Mrakia frigida

Scientific classification
- Kingdom: Fungi
- Division: Basidiomycota
- Class: Tremellomycetes
- Order: Cystofilobasidiales
- Family: Mrakiaceae
- Genus: Mrakia
- Species: M. frigida
- Binomial name: Mrakia frigida (Fell, Statzell, I.L. Hunter & Phaff) Y. Yamada & Komag. (1987)
- Synonyms: Candida frigida Leucosporidium frigidum Candida gelida Leucosporidium gelidum Mrakia gelida Candida nivalis Leucosporidium nivale Mrakia nivalis Leucosporidium stokesii Mrakia stokesii

= Mrakia frigida =

- Genus: Mrakia
- Species: frigida
- Authority: (Fell, Statzell, I.L. Hunter & Phaff) Y. Yamada & Komag. (1987)
- Synonyms: Candida frigida, Leucosporidium frigidum, Candida gelida, Leucosporidium gelidum, Mrakia gelida, Candida nivalis, Leucosporidium nivale, Mrakia nivalis, Leucosporidium stokesii, Mrakia stokesii

Species of fungus

Mrakia frigida is a species of fungus in the order Cystofilobasidiales. The species occurs in both a yeast and hyphal state, the latter producing teliospores from which basidia emerge. It was originally isolated in its yeast state from Antarctic snow.

==Growth temperature==
Mrakia frigida has been classified as an obligate psychrophile since it grows well at subzero temperatures and is unable to grow at temperatures above 18–20 C. Mrakia frigida grows at -2 to 20 C. Rapid growth of Mrakia frigida occurs at 17 C, and slight increase in temperature results in growth decrease. Its maximum growth temperature is 19–20 C when glucose is used as carbon source and 17–18 C when ethanol is used. The growth rate of Mrakia frigida on glucose as substrate for a given temperature is higher than that on ethanol. The cell yield of Mrakia frigida is maximum at subzero temperatures.

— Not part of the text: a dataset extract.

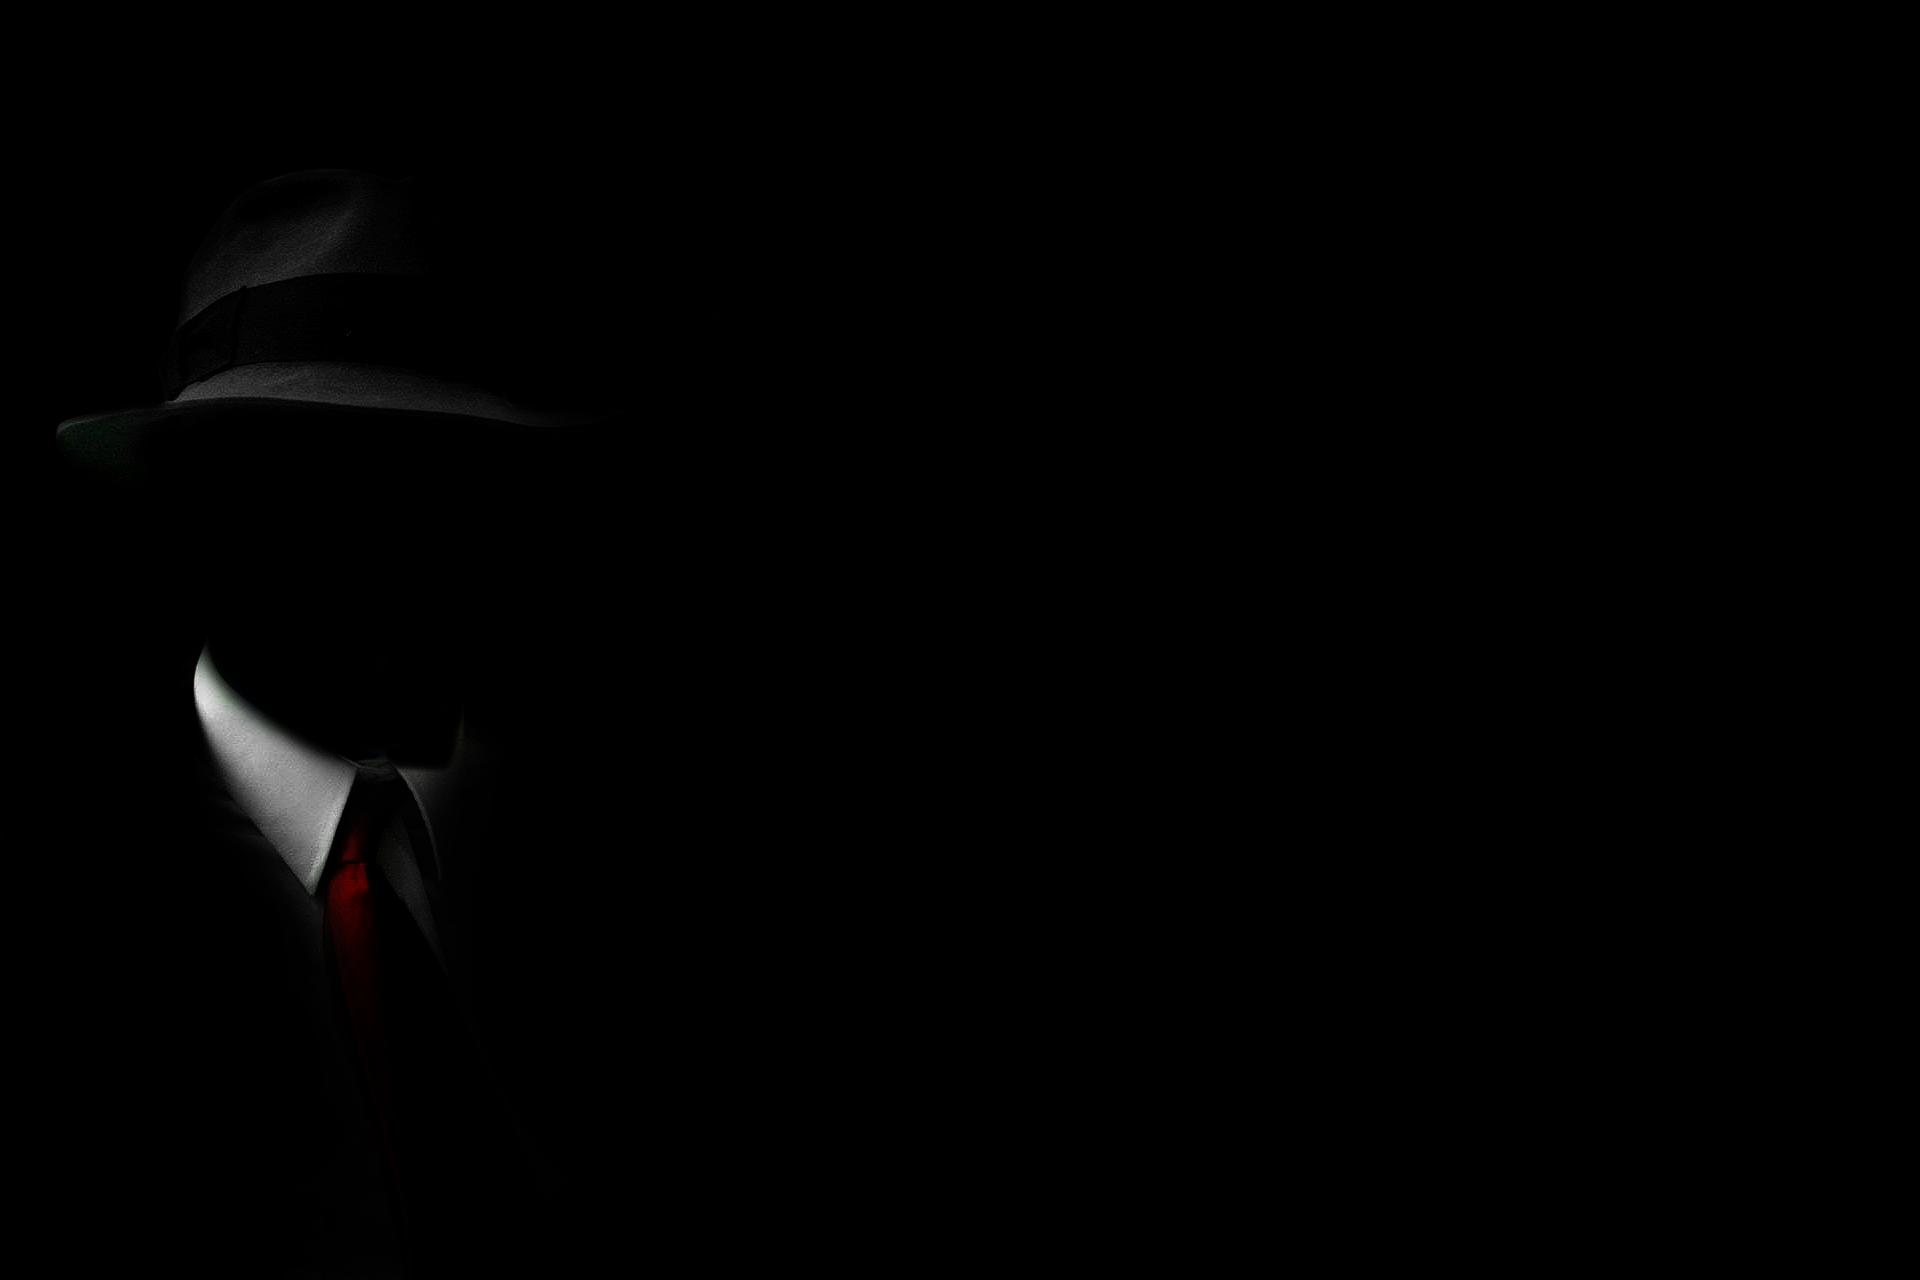 49+ Anonymous Desktop Wallpapers on WallpaperSafari
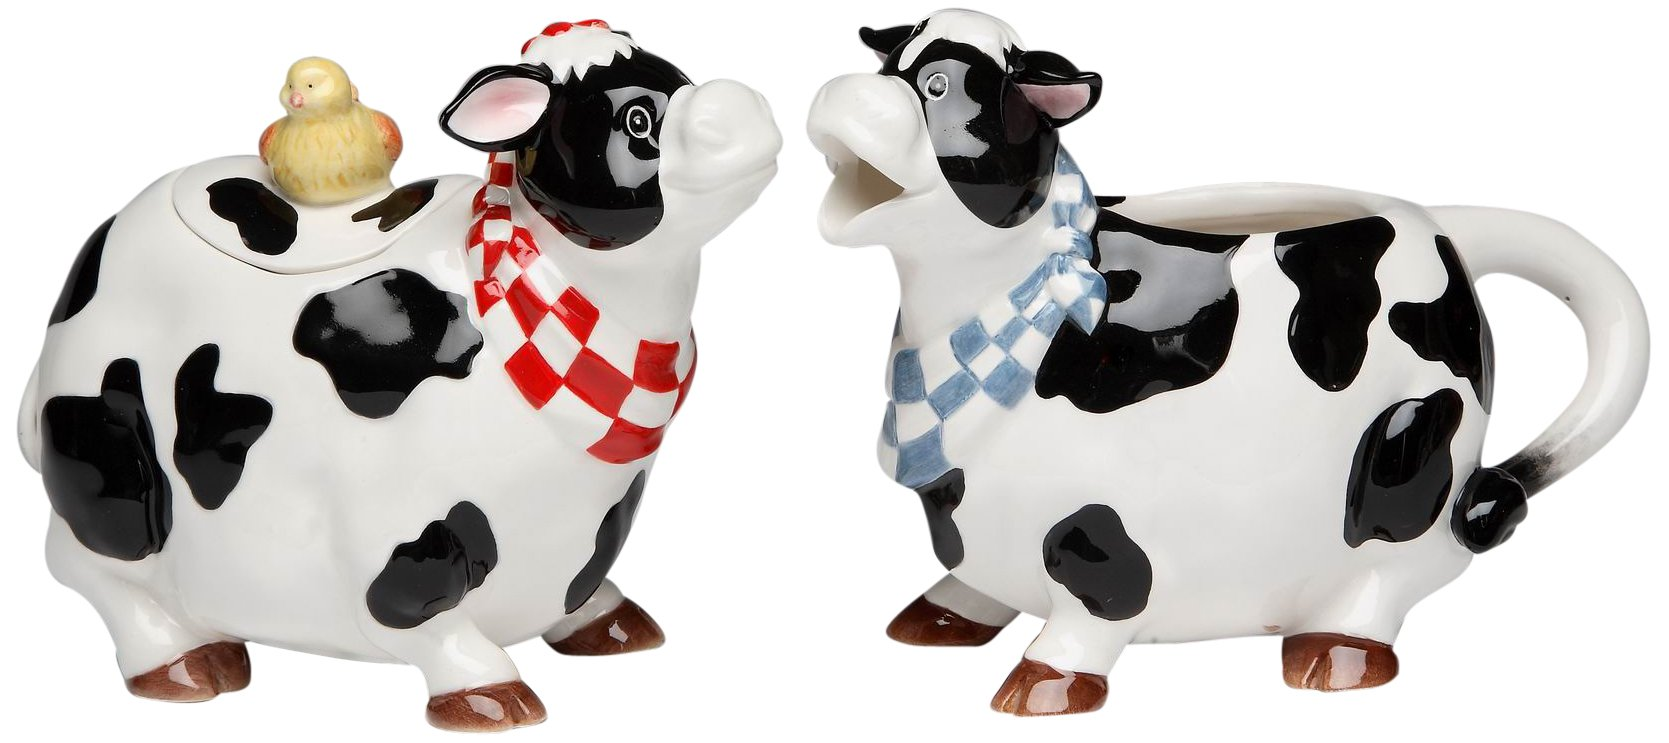 Appletree Design Barn Yard Cow Sugar and Creamer Set, 4-3/8-Inch, 4-1/2-Inch

==Membrane lipid composition==
There is a positive correlation between the growth temperature and the degree of fatty-acid unsaturation of the cell lipids of Mrakia frigida. The variation in the degree of fatty acid unsaturation of the yeast indicates its ability to alter the cellular component is fundamental to adaptation to environmental changes. The extent to such ability determines the growth temperature limits of Mrakia frigida. The lower limit is the point at which its membrane lipids solidify and the upper limit is the point at which its membrane lipids melt.

==Cytochrome concentration==
Mrakia frigida shows absorption bands at room temperature characteristic of cytochromes aa3, b and c. The concentration to the cytochromes in Mrakia frigida is negatively related to its membrane-lipid unsaturation rate. At the maximum growth temperatures when the degree of lipid unsaturation of the cell membrane is high, the final cell yield is less than at lower temperatures when membrane-lipid unsaturation rate is low. This indicates glucose repression of cytochrome synthesis occurs at high degree of lipid unsaturation. However, a high concentration of cytochrome c is observed at the maximum growth temperatures of Mrakia frigida. This phenomenon may be an attempt by the cells to compensate for the decrease in cytochrome a+a3 by involving alternative pathways of electron transport.

==Functions of cellular membranes==
The positive correlation relationship between the growth temperature of Mrakia frigida and the membrane-lipid unsaturation rate, and the negative relationship between the membrane-lipid unsaturation rate and cytochrome concentration in cells indicate the membrane structure and composition are significant to temperature adaptation in Mrakia frigida. Manipulation of the fatty-acid unsaturation index allows Mrakia frigida to alter its membrane fluidity, and function with changing temperatures.